Een laag FODMAP dieet kan soms nuttig zijn voor wie lijdt aan het prikkelbaredarmsyndroom. Maar hiervoor moet je wel te rade gaan bij een ervaren diëtist. Dat was een van de thema’s die werden behandeld tijdens de 20ste studiedag van de UPDLF (Union professionnelle des diététiciens de langue française) in het teken van het darmmicrobioom.
Buikpijn, winderigheid, diarree, verstopping… Bijna 4 op de 10 volwassenen krijgt te maken met darmproblemen. Bij sommigen zijn die te wijten aan het prikkelbaredarmsyndroom (PSD). Deze aandoening, die in westerse landen steeds vaker voorkomt, heeft een aanzienlijke impact op de levenskwaliteit. De belangrijkste maatregelen zijn om stress onder controle te houden en aangepast te eten, met vooral voldoende oplosbare vezels. Als die ingrepen echter niet volstaan, kan het nuttig zijn om te denken aan de etenswaren die onder de noemer FODMAP vallen (fermentable oligo-, di-, monosaccharides and polyols): fermenteerbare koolhydraten en polyolen die overmatige gasvorming kunnen veroorzaken in de darmen. Een eetpatroon dat weinig van die FODMAP-etenswaren bevat (zoals ontwikkeld aan de Monash University in Melbourne) kan een interessante piste betekenen. Maar diëtiste Jo Mons waarschuwde tijdens haar presentatie tijdens de studiedag al dat patiënten vaak dokter Google raadplegen en in de eliminatiefase blijven zitten, een eerste fase die eigenlijk slechts 2 tot maximaal 3 weken zou mogen duren. Die beperking is er omdat een laag FODMAP dieet het microbioom bepaalde fermenteerbare substraten ontzegt, die nodig zijn voor de productie van korteketenvetzuren die een beschermend effect lijken te hebben op de darmslijmvliezen.
Meer leesvoer : Prikkelbaredarmsyndroom: paradoxale fermentatie
Een gestandaardiseerde benadering van FODMAP
Bij de eerste consultatie wordt een voorgeschiedenis afgenomen, die binnen een Vlaams netwerk van diëtisten is gestandaardiseerd.

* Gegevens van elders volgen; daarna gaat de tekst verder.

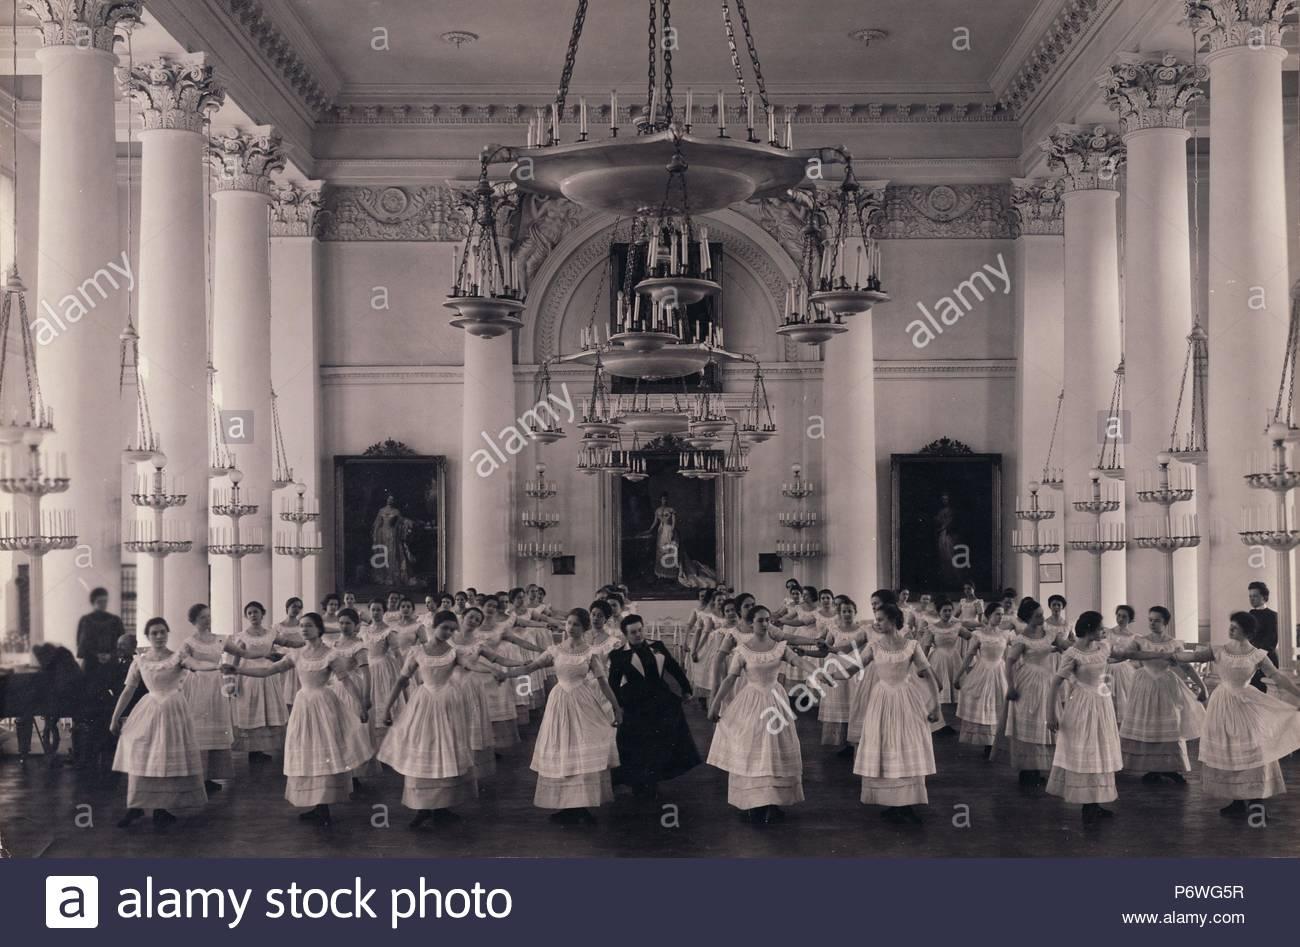 Dancing Lesson, the 'Mazurka'.; Karl Karlovitz Bulla, Russian, 1854 - 1929; before 1917; Gelatin silver print; Image: 18.4 x 27.9 cm (7 1/4 x 11 in.). - Stock Image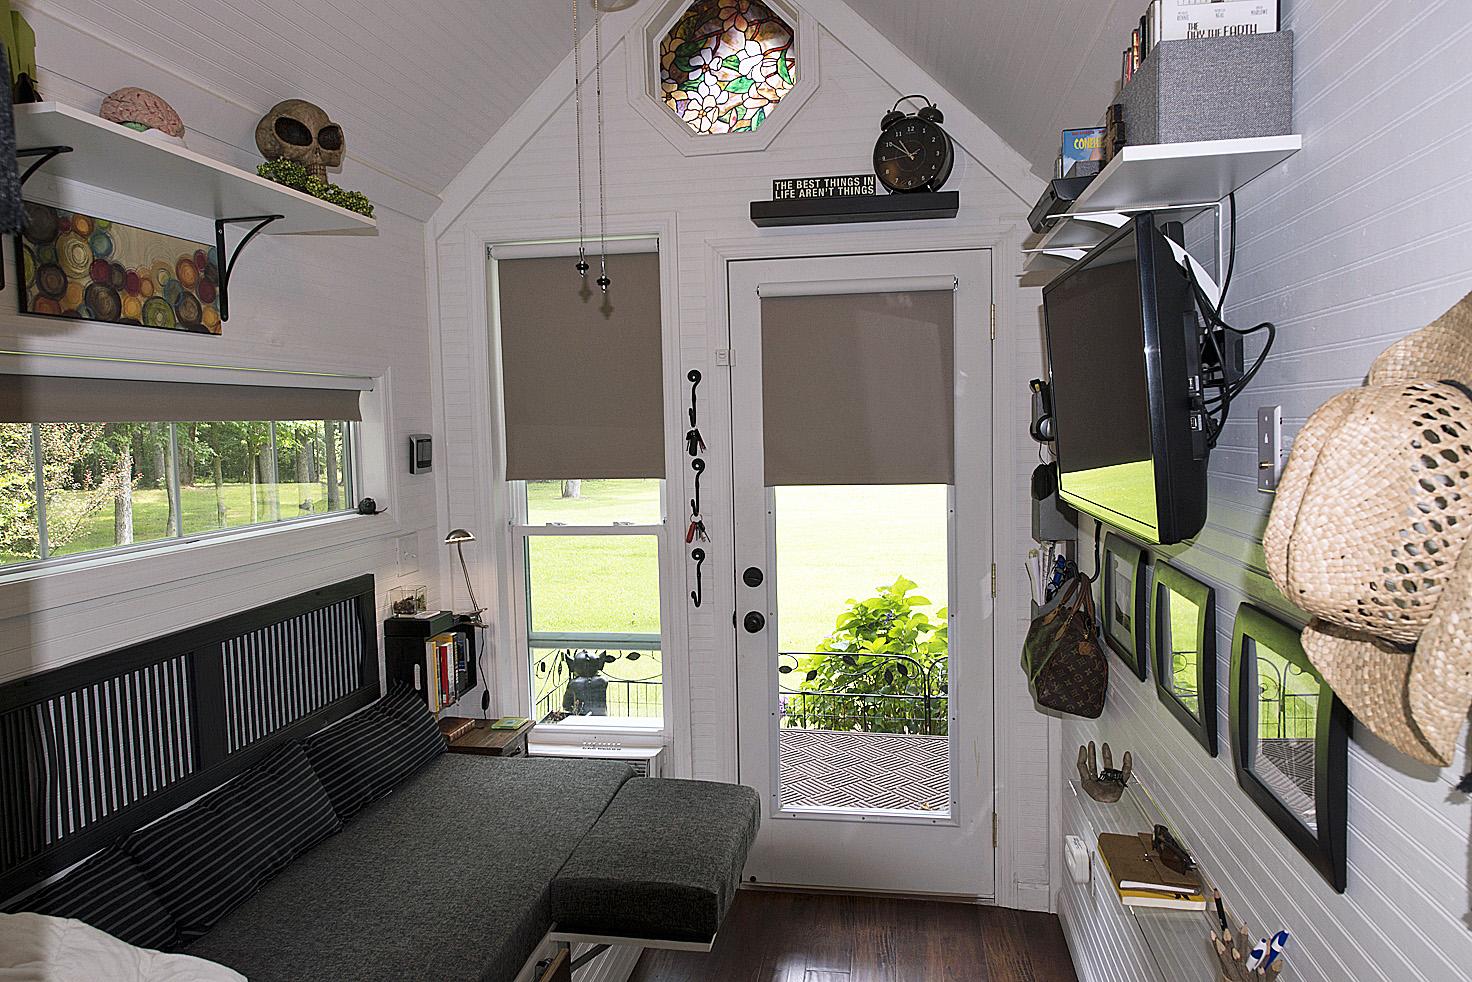 Tiny Home Designs: TINY HOUSE TOWN: Mendy's Tiny Home (128 Sq Ft

Op basis daarvan kunnen de verkregen resultaten worden verzameld en geanalyseerd. Patiënten geven hun fysieke klachten een score van 1 tot 10. Als advies over leef- en voedingsgewoonten de winderigheid niet verbetert, en het ook niet voldoende helpt om stress onder controle te houden, kan een laag FODMAP dieet een mogelijkheid zijn. Maar in bepaalde gevallen (bijvoorbeeld als de flatulentie niet abnormaal is of er een heel onevenwichtig voedingspatroon bestaat) beginnen we met een herbalancering van de voeding.
Als een laag FODMAP dieet gestart wordt, worden de symptomen na 2-3 weken beperkte voeding opnieuw geëvalueerd. Als de symptomen niet zijn verbeterd, wordt het dieet stopgezet. Als er wel verbetering merkbaar is, is het nu tijd voor de herintroductiefase, waarin bepaalde voedingsmiddelen telkens 3 dagen lang worden uitgetest.
Meer leesvoer: Prikkelbare darm: is het nodig om gluten te vermijden?
Zo gevarieerd mogelijk eten
De herintroductie begint met kleine porties, omdat tolerantie ook afhankelijk is van de geconsumeerde hoeveelheid van de voedingsmiddelen die FODMAPs bevatten en van persoon tot persoon verschilt. Tijdens de daaropvolgende raadplegingen kunnen er zo nodig aanpassingen worden gedaan, zodat alleen de oorzaak van de fysieke klacht of een te hoge dosis ervan wordt vermeden, en de persoon zo gevarieerd mogelijk kan eten.
Jo Mons heeft bijgedragen aan de ontwikkeling van het netwerk Fodmapp (www.fodmapp.be), dat tientallen diëtisten in Vlaanderen verenigt en uitgebreide tools en een applicatie biedt om het laag FODMAP dieet te beheren. Uit een evaluatie van 230 patiënten, waarvan 80% vrouwen, is gebleken dat deze aanpak effectief is voor buikpijn, winderigheid, een brommende buik, en uiteindelijk ook de levenskwaliteit. Jo Mons onderstreept hierbij nog eens het belang van een diëtist bij het opstarten van een laag FODMAP dieet, en om deze aanpak correct toe te passen.
Source
Presentatie van Jo Mons op de 20e studiedag van UPDLF in Charleroi, 22 februari 2024.